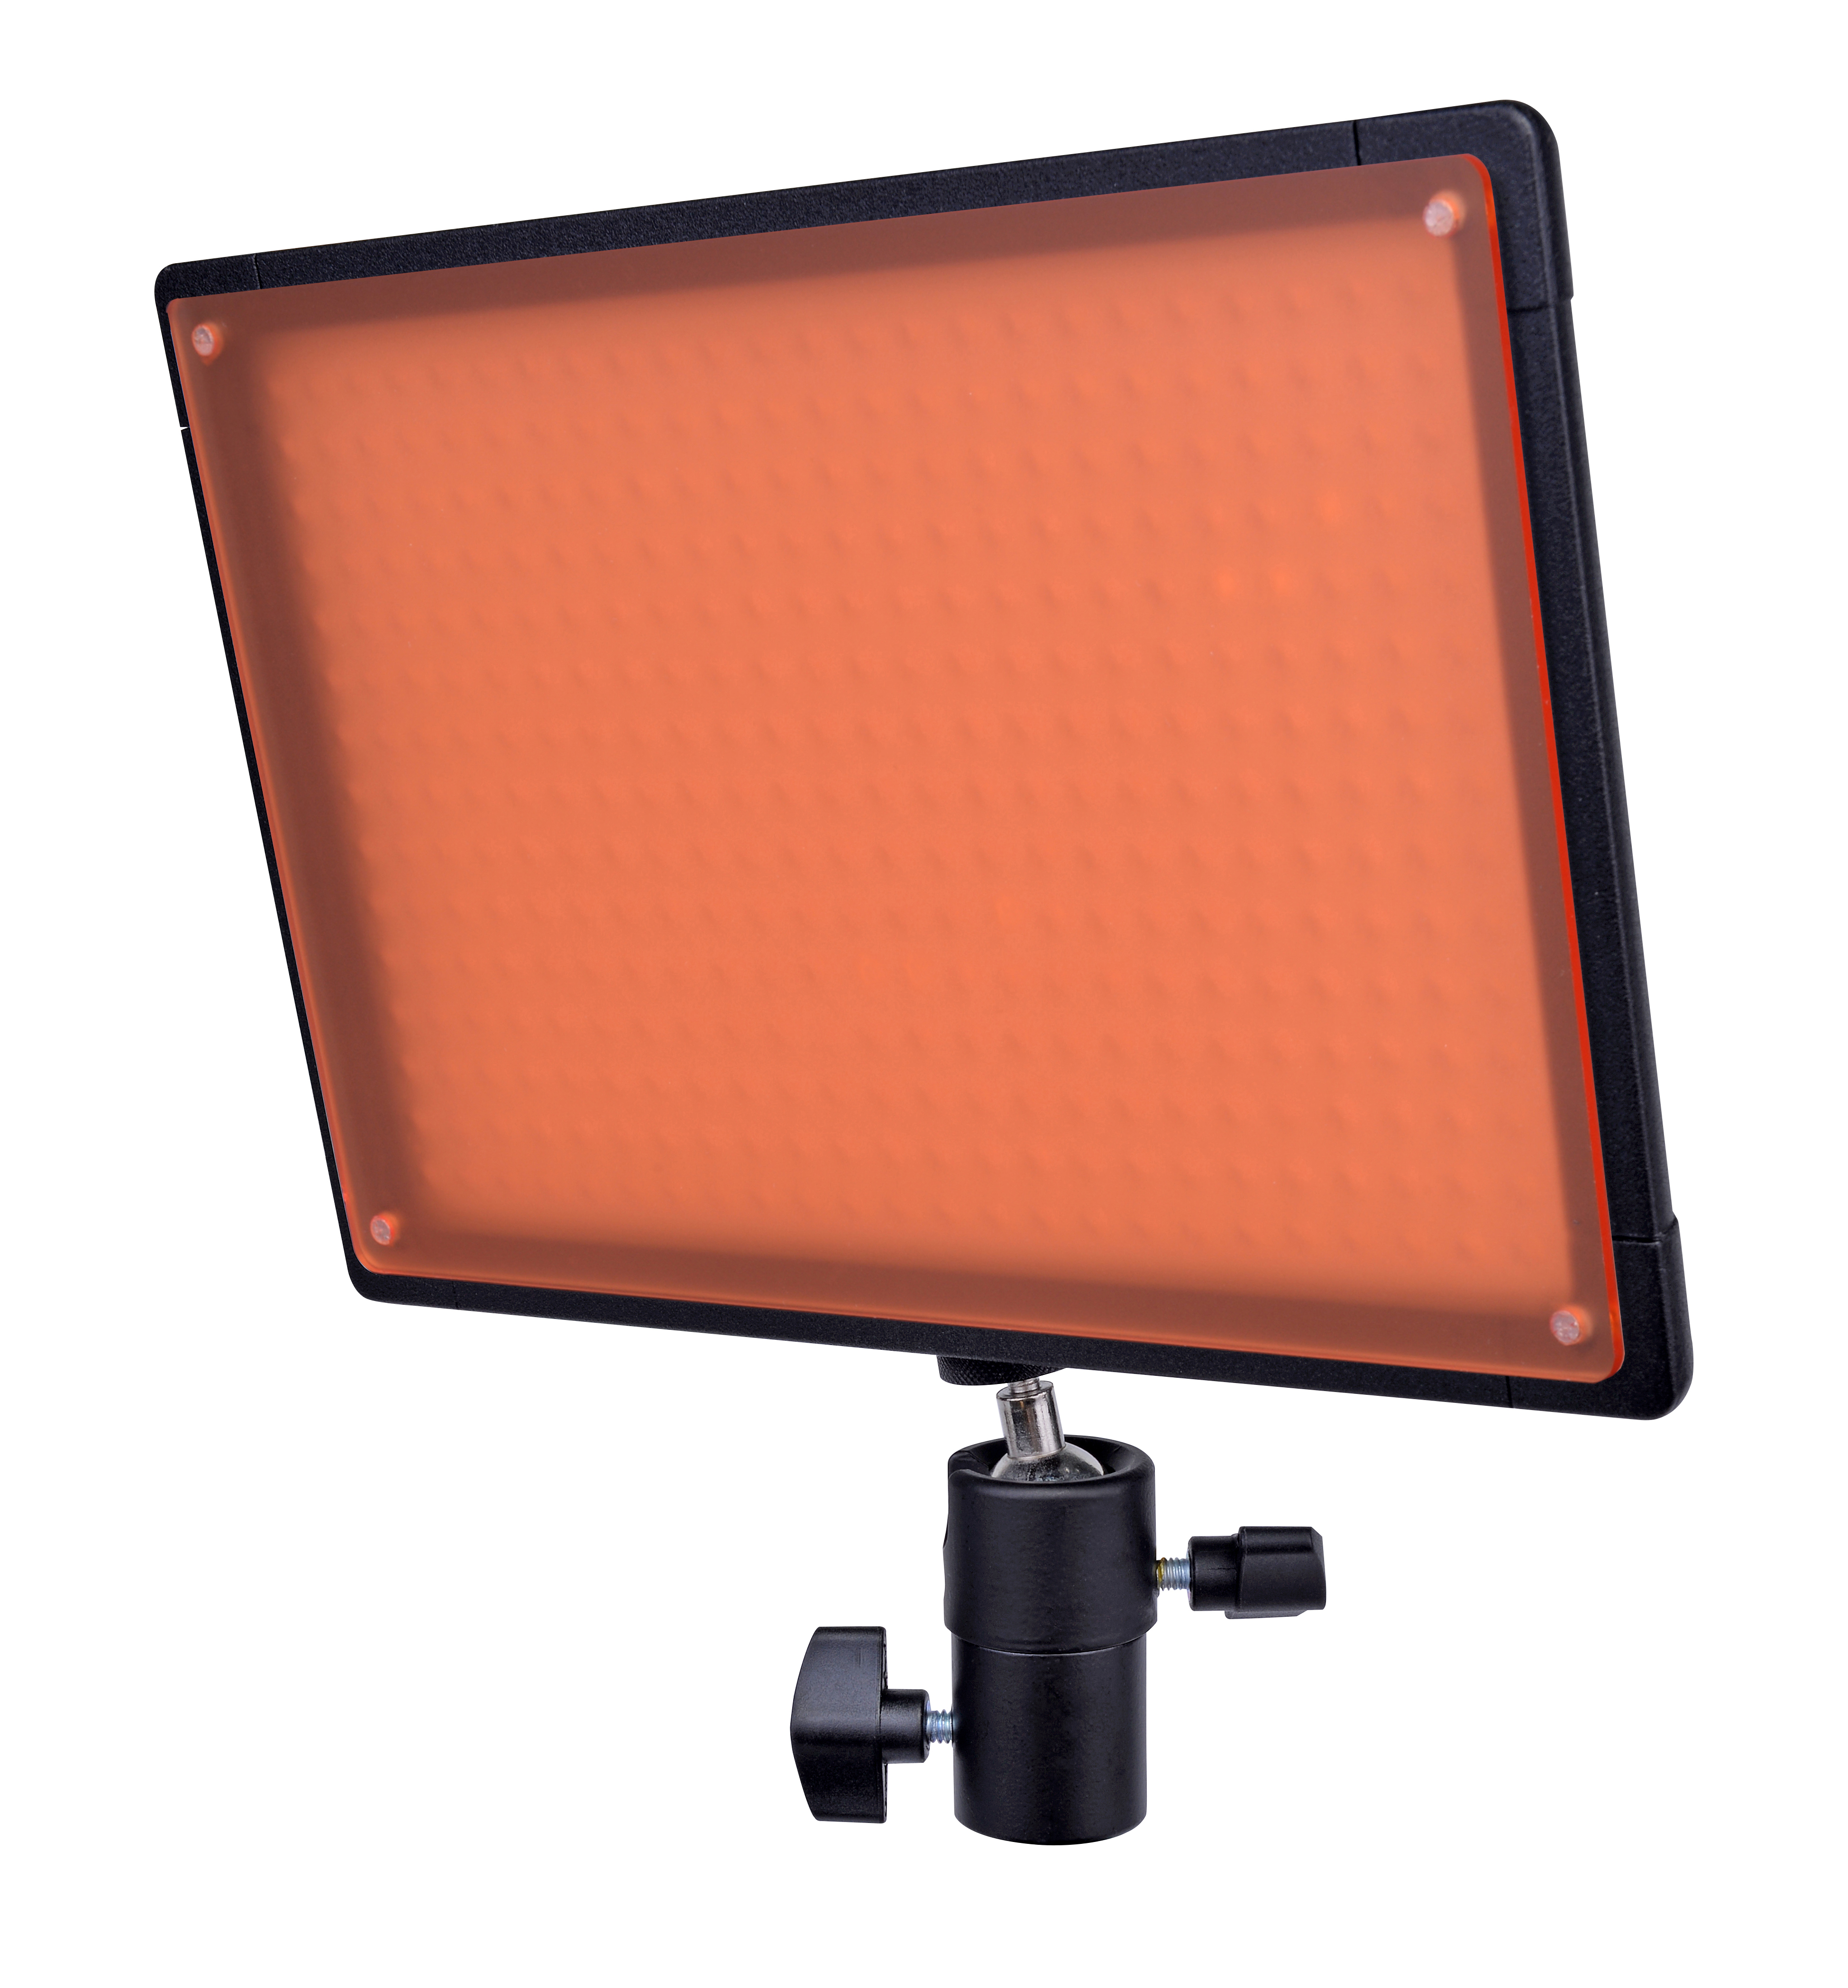 BRESSER LED SH-360 (21.6 W / 2,500 LUX) Slimline Studio Lamp
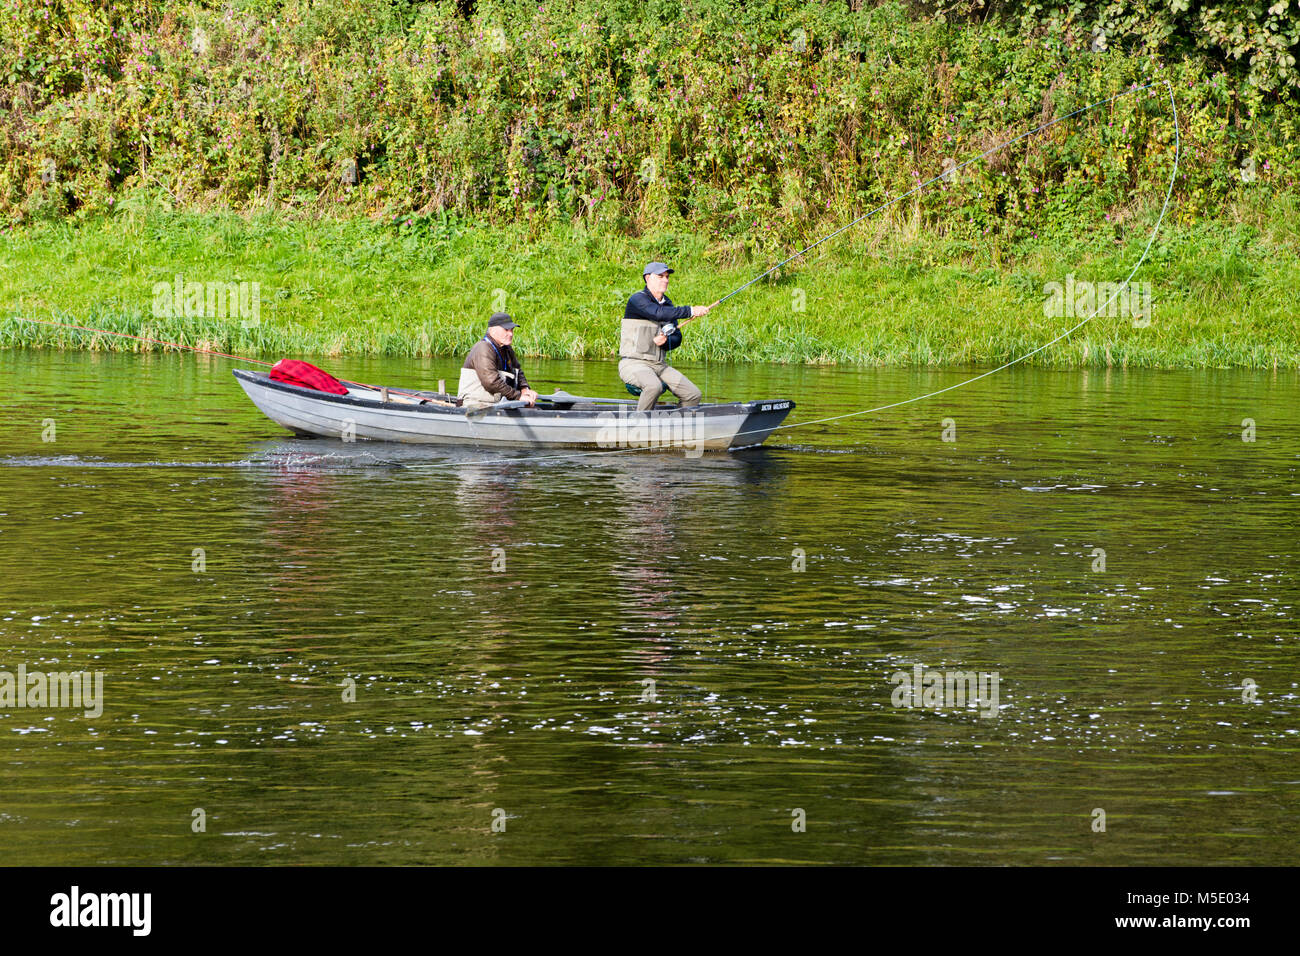 La pêche du saumon, de la jonction extérieure, où la rivière Teviot répond à la rivière Tweed, à Kelso dans les Scottish Borders. Banque D'Images
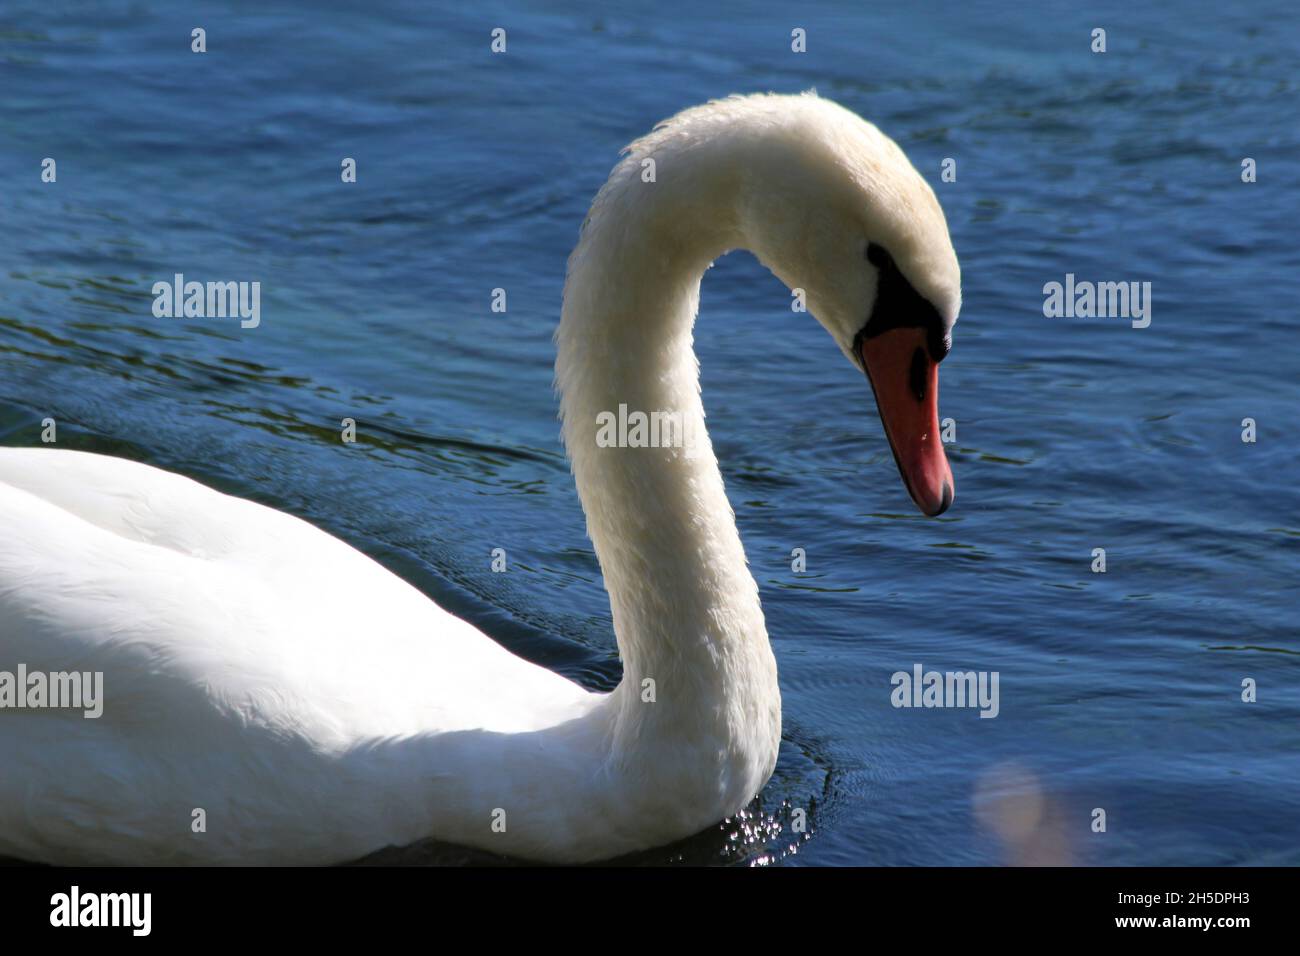 mute swan Stock Photo

§ TASK INSTRUCTIONS:
All that is needed is the lines from the line holding "La pêche du" to the final line of the listing above, repeated exactly, pictures excluded.

§ PROBLEM SOLUTION:
 La pêche du saumon, de la jonction extérieure, où la rivière Teviot répond à la rivière Tweed, à Kelso dans les Scottish Borders. Banque D'Images
 mute swan Stock Photo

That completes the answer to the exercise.